> **YOUR ASSIGNMENT**
Repeat all of the data word for word so that only the pictures are missing from the copy.

> **GIVEN INFORMATION**

::::

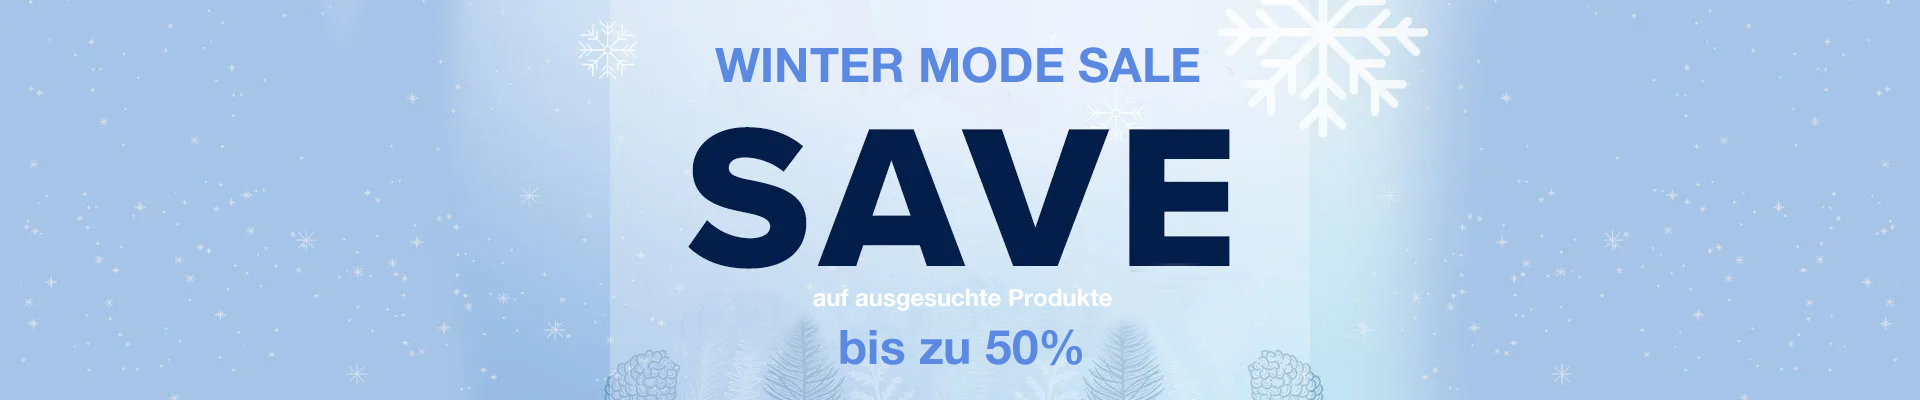 Winter Mode Sale mit viel Komfort - SAVE bis zu 50%
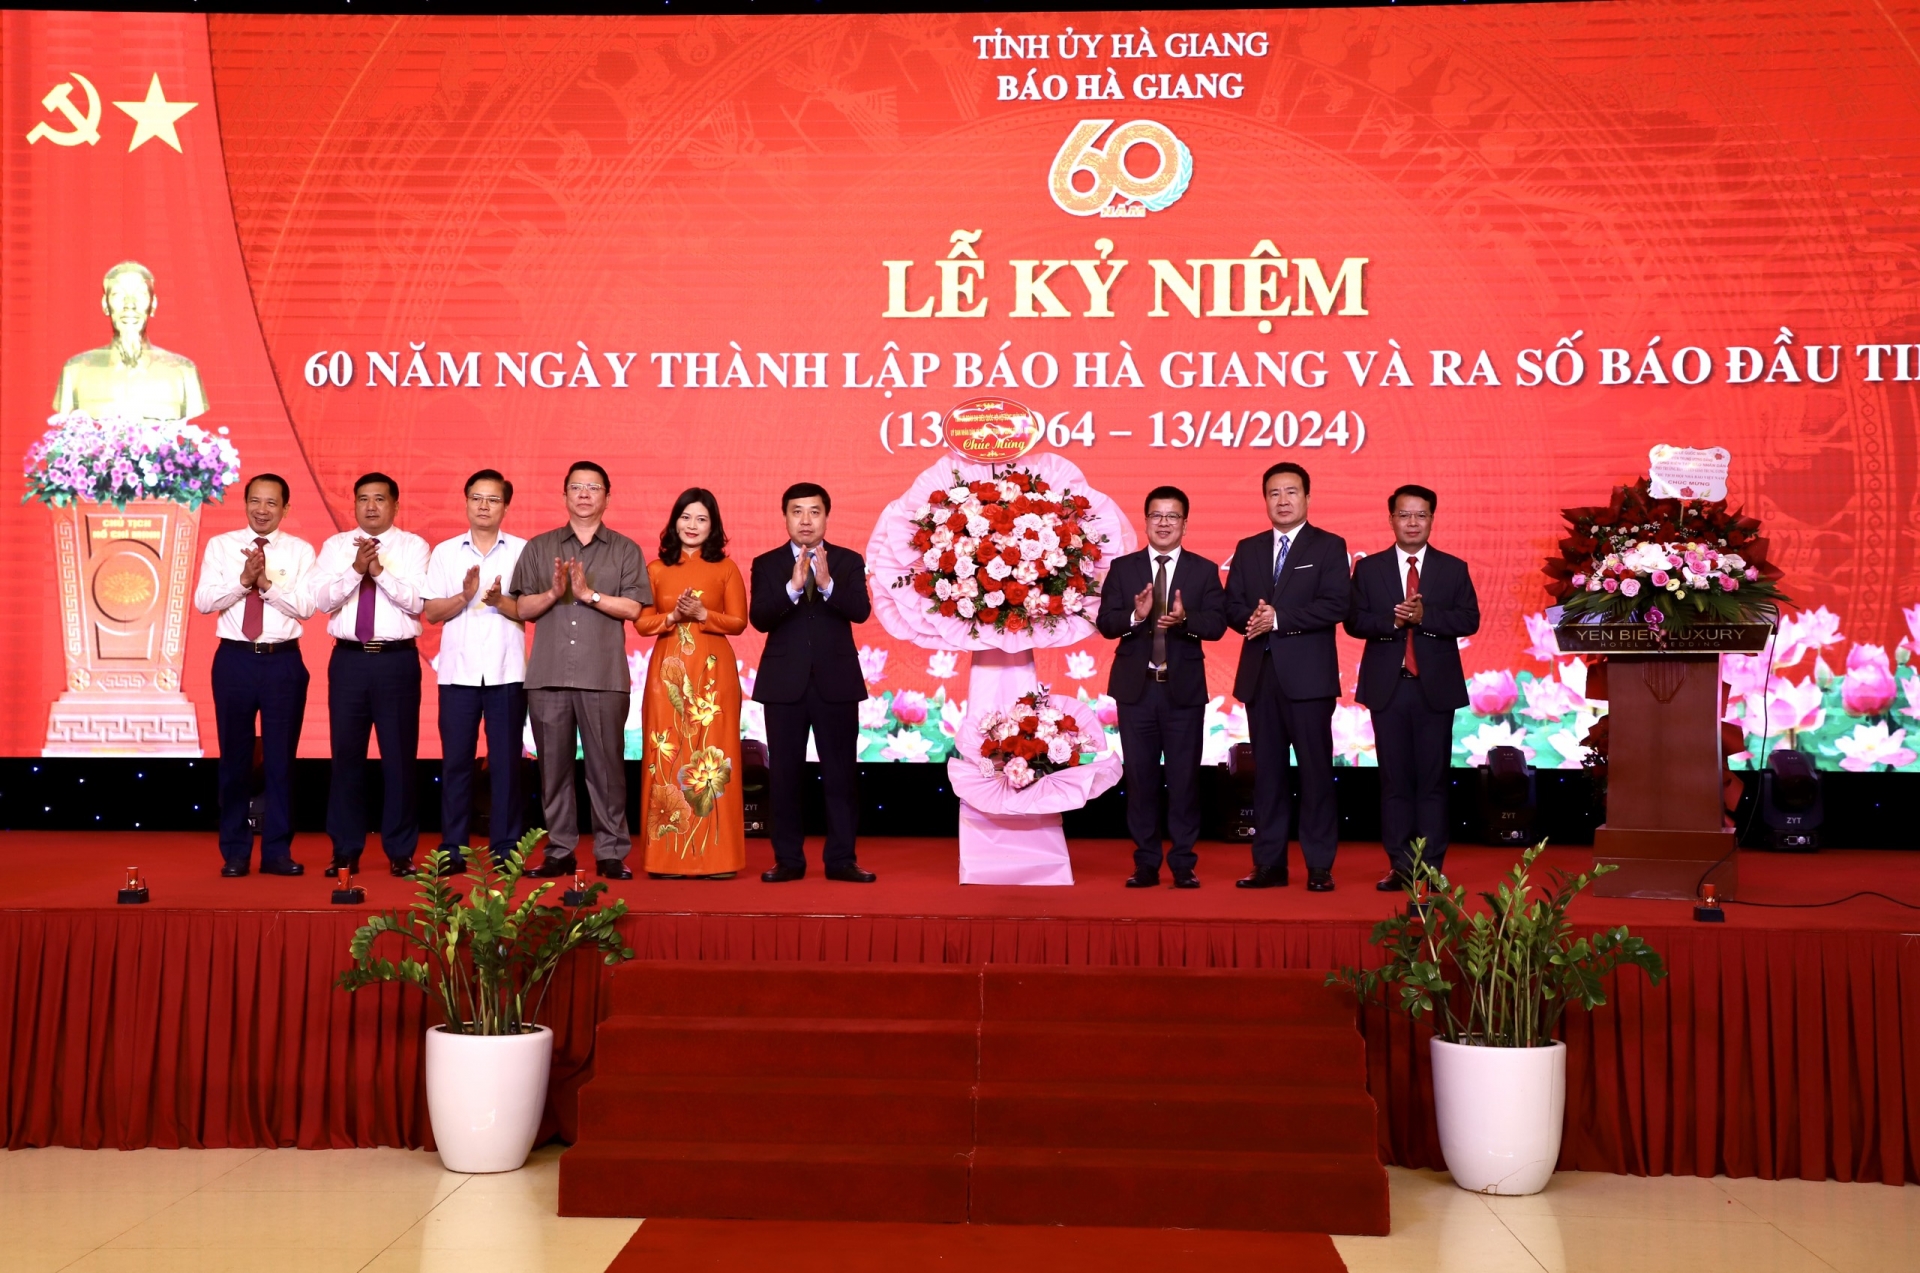 Quyền Bí thư Tỉnh ủy Nguyễn Mạnh Dũng và các đồng chí lãnh đạo tỉnh tặng lẵng hoa chúc mừng Báo Hà Giang
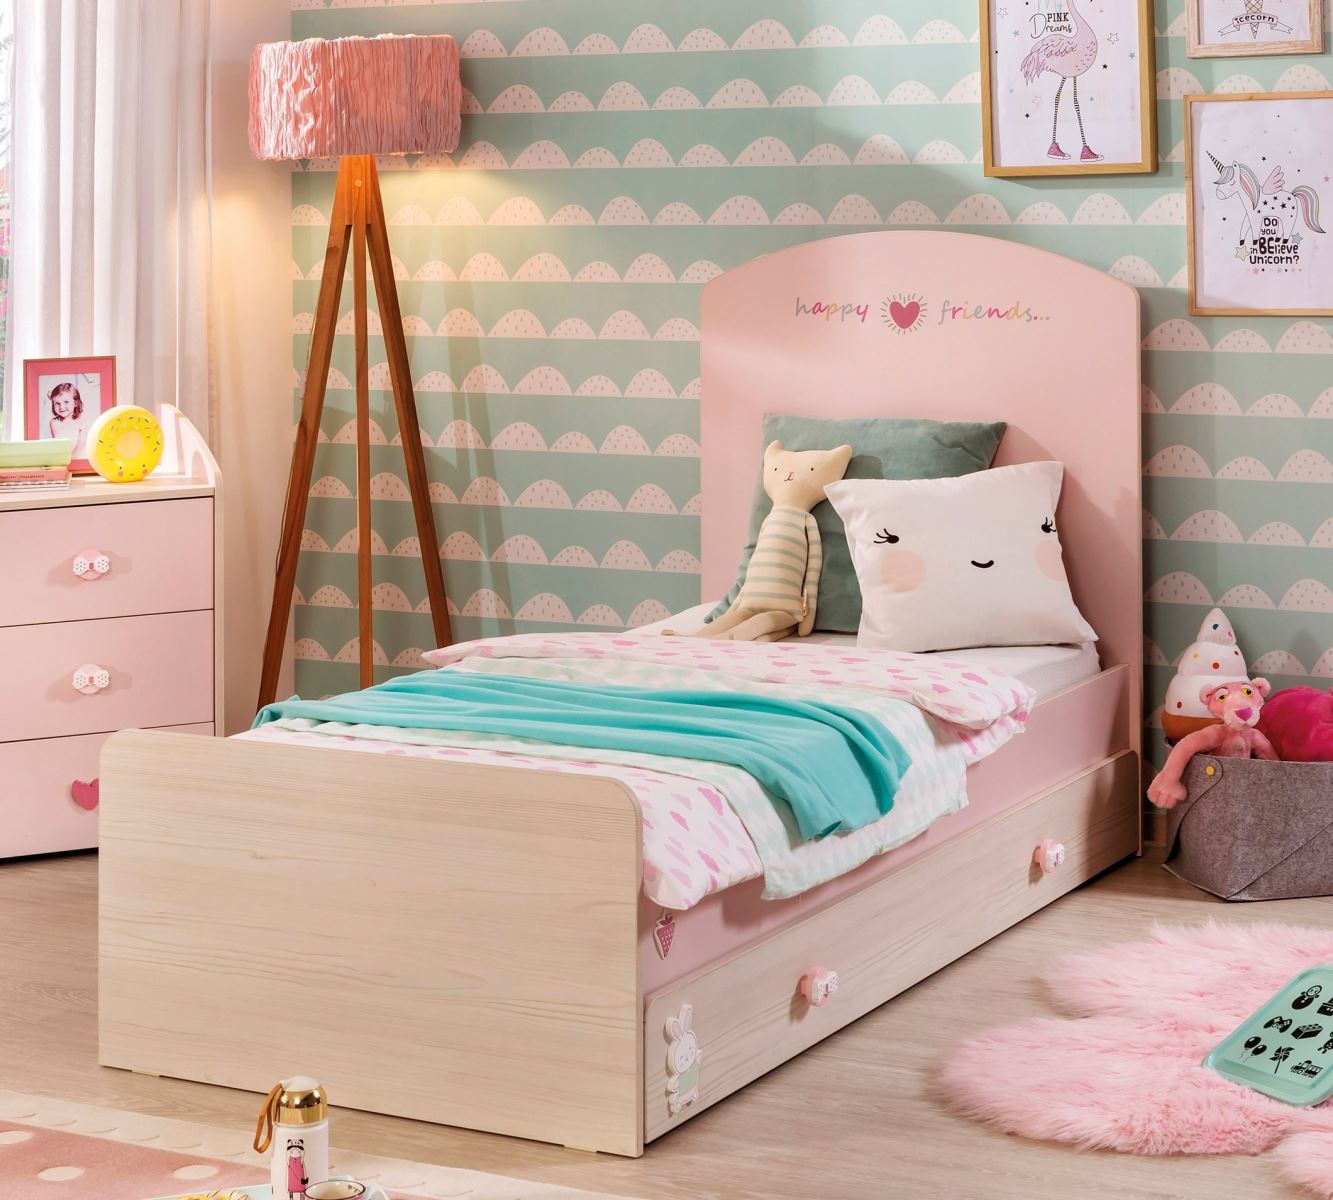 Thiết kế giường ngủ cho bé gái ấn tượng đảm bảo khiến con thích thú
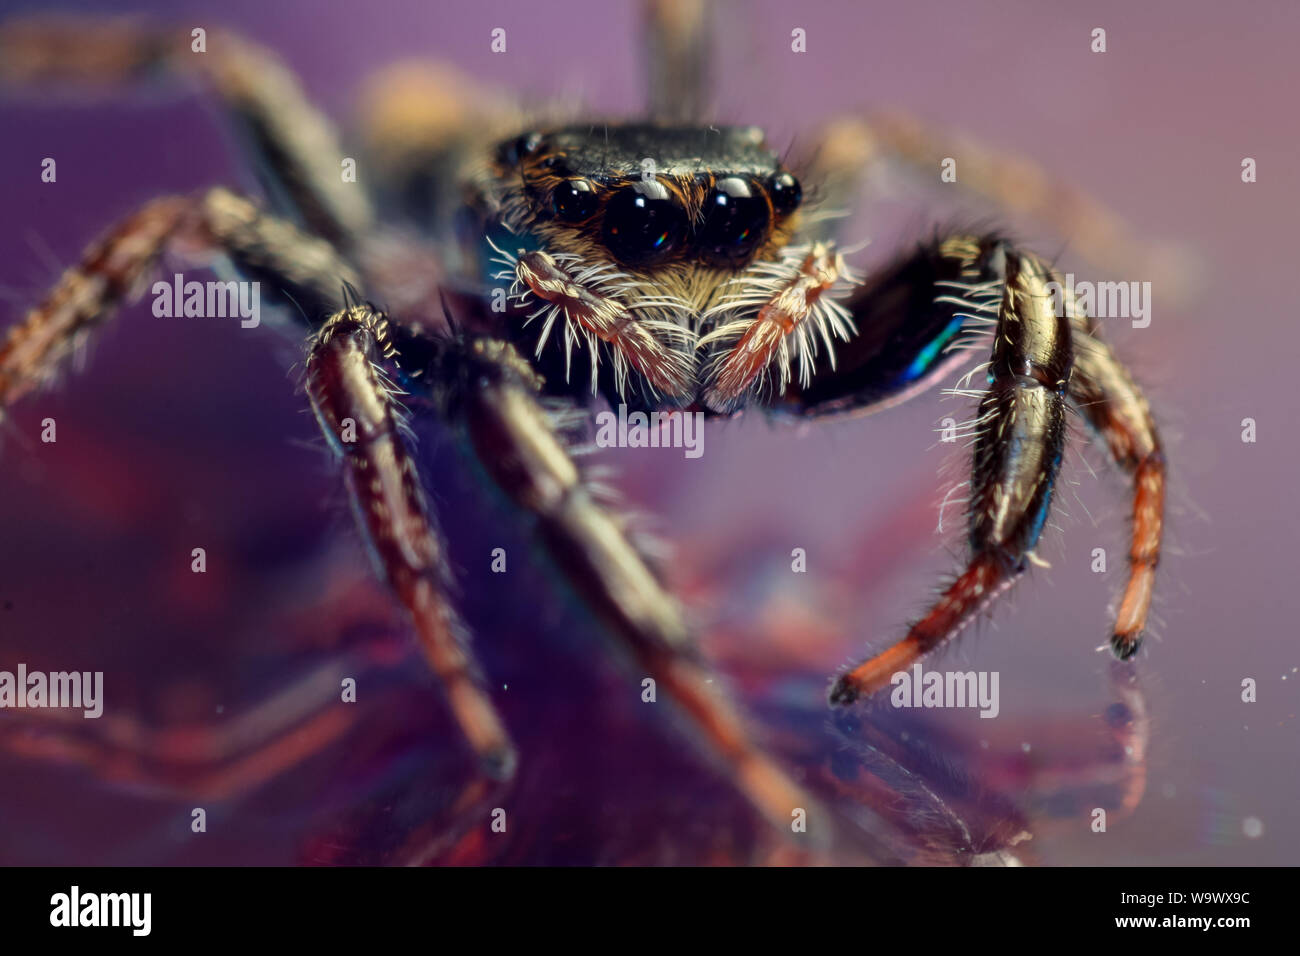 Un fort grossissement macro d'une araignée sauteuse mignonne avec de grands yeux sur un fond réfléchissant, spider détaillées close-up sur un miroir Banque D'Images

::::

> **YOUR RESPONSE**
 Winter Mode Sale mit viel Komfort - SAVE bis zu 50%
 Quyền Bí thư Tỉnh ủy Nguyễn Mạnh Dũng và các đồng chí lãnh đạo tỉnh tặng lẵng hoa chúc mừng Báo Hà Giang
 Thiết kế giường ngủ cho bé gái ấn tượng đảm bảo khiến con thích thú
 Un fort grossissement macro d'une araignée sauteuse mignonne avec de grands yeux sur un fond réfléchissant, spider détaillées close-up sur un miroir Banque D'Images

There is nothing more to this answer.